The excessive band gap of metal oxide photoanodes currently poses a significant challenge to scaling up photoelectrochemical water splitting and CO2 reduction processes. However, metal sulfides with a 2D nanostructured morphology present a promising alternative, offering improved optoelectronic properties and catalytic capabilities in the oxygen evolution reaction (OER). Furthermore, this study breaks new ground by demonstrating, for the first time, the visible spectra absorption capabilities of SnxSy photoanodes. These photoanodes were fabricated using facile non-vacuum techniques and subsequently post-annealed in a sulfur atmosphere. This process yielded SnS2 multilayer nanosheets exhibiting remarkable visible-light absorption down to 900 nm wavelengths.

Annealing at an optimal temperature of 500 °C led to remarkable results, including photovoltages exceeding 1 V and photocurrents surpassing 1.6 mA/cm2 at 1.23VRHE. Moreover, we observed an impressive incident photon-to-current conversion efficiency (IPCE) of 75% at 330 nm.

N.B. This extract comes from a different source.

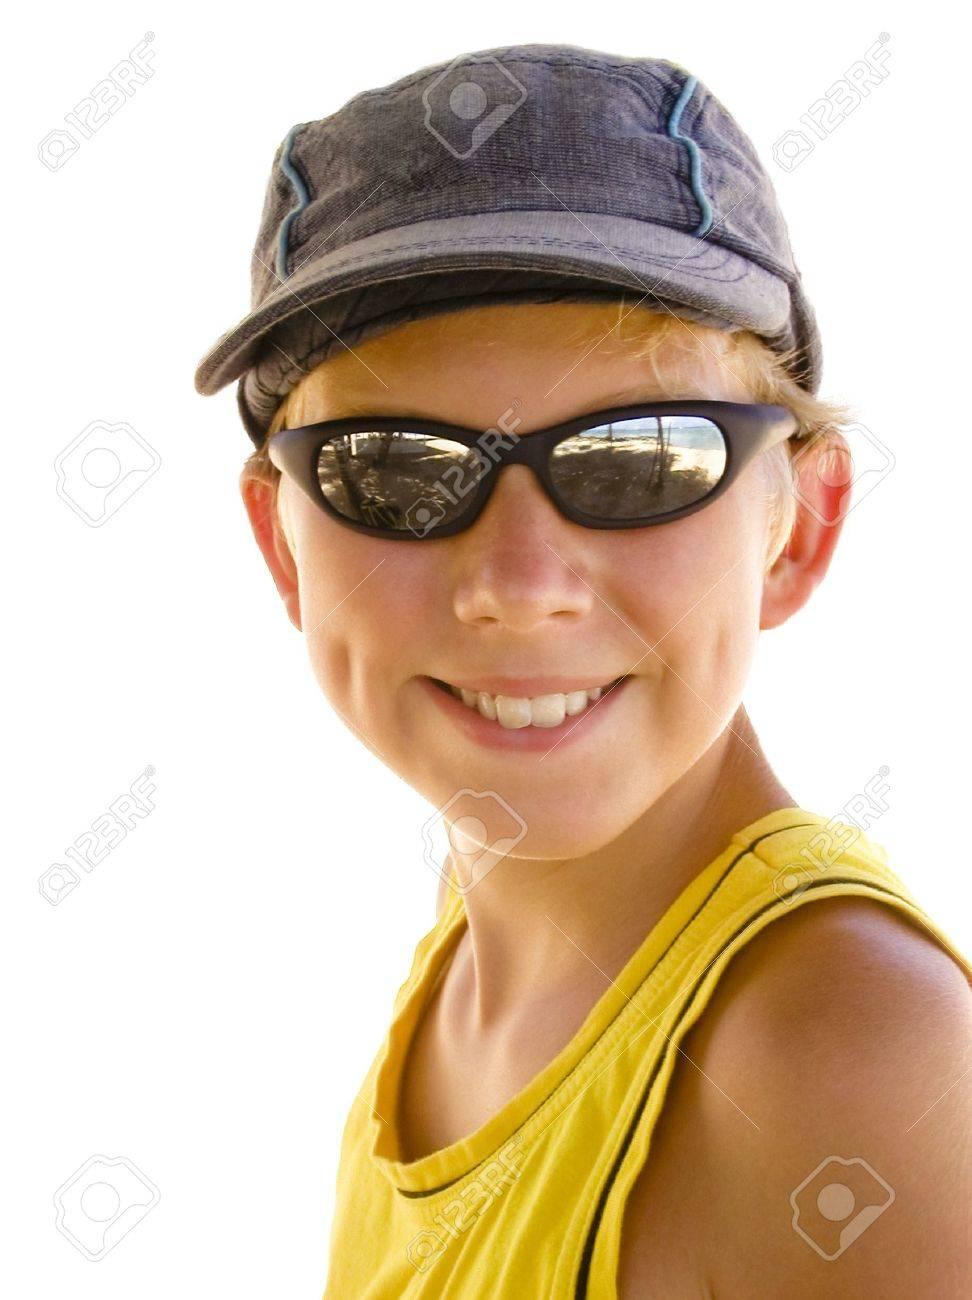 smart boy with sunglasses Stock Photo - 2875278
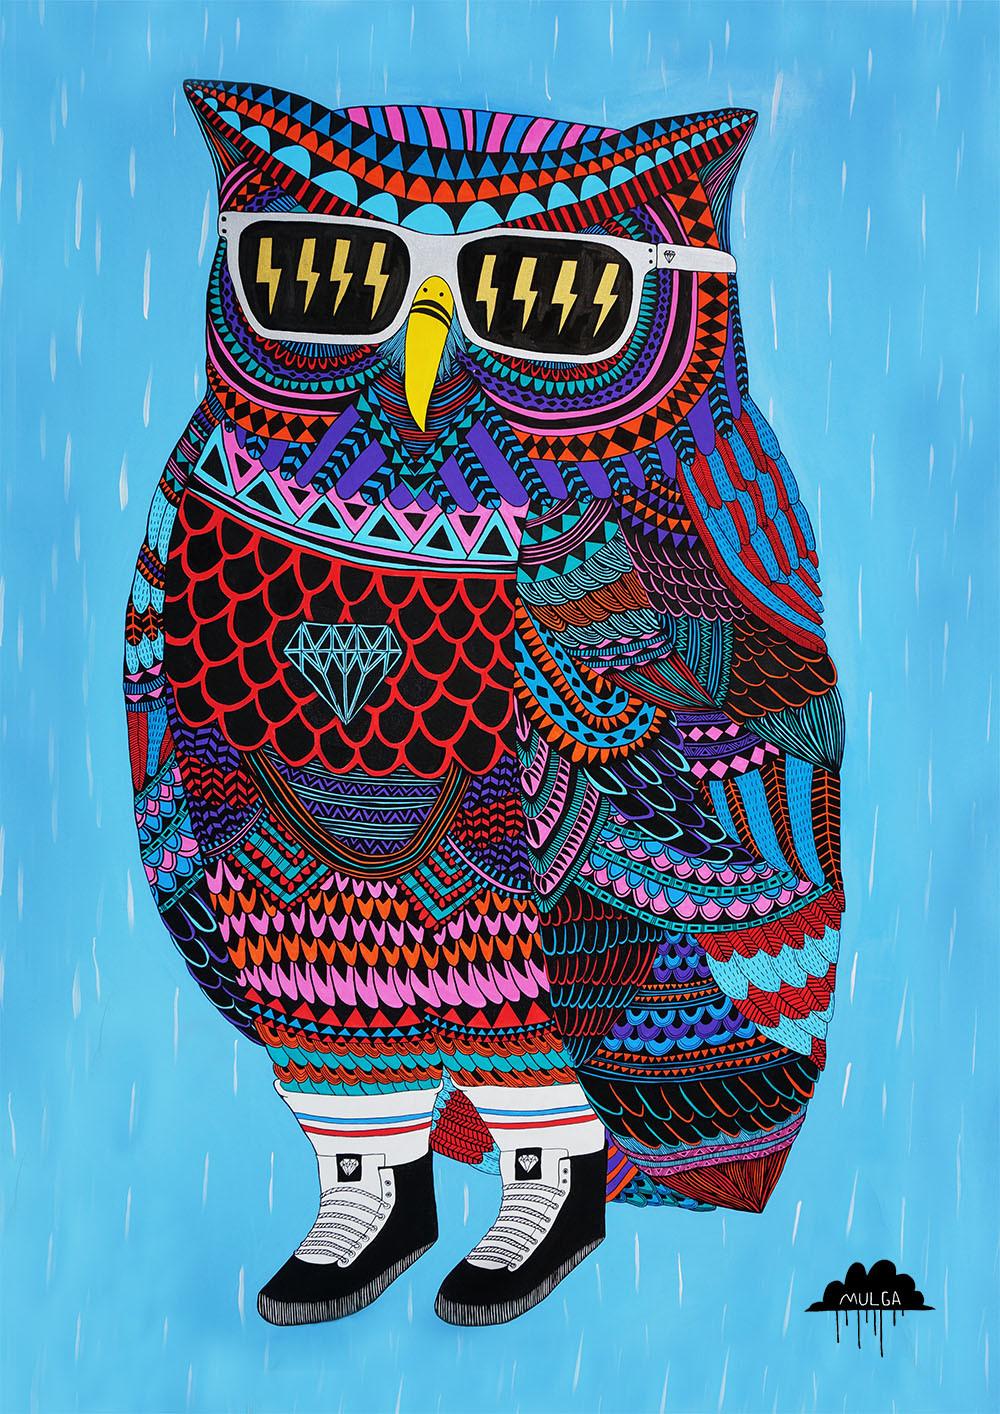 otis the owl by mulga the artist -1000 px wide 300dpi - Copy.jpg

Notably, photon conversion within the 500–900 nm range (down to 1.37 eV) associates with a phase transformation from orthorhombic α-SnS to Sn2S3, and subsequently to hexagonal SnS2. Furthermore, IPCE plays a crucial role in elucidating effective phase transformation and photon conversion at wavelengths below the dominant direct band gap for SnS2. This observation suggests the potential existence of indirect transitions or confinement effects within the low-dimensional nanosheets. In conclusion, SnS2 nanosheets, fabricated through solution-processed methods, hold immense promise for the development of large-scale, cost-effective, and efficient photoelectrochemical devices.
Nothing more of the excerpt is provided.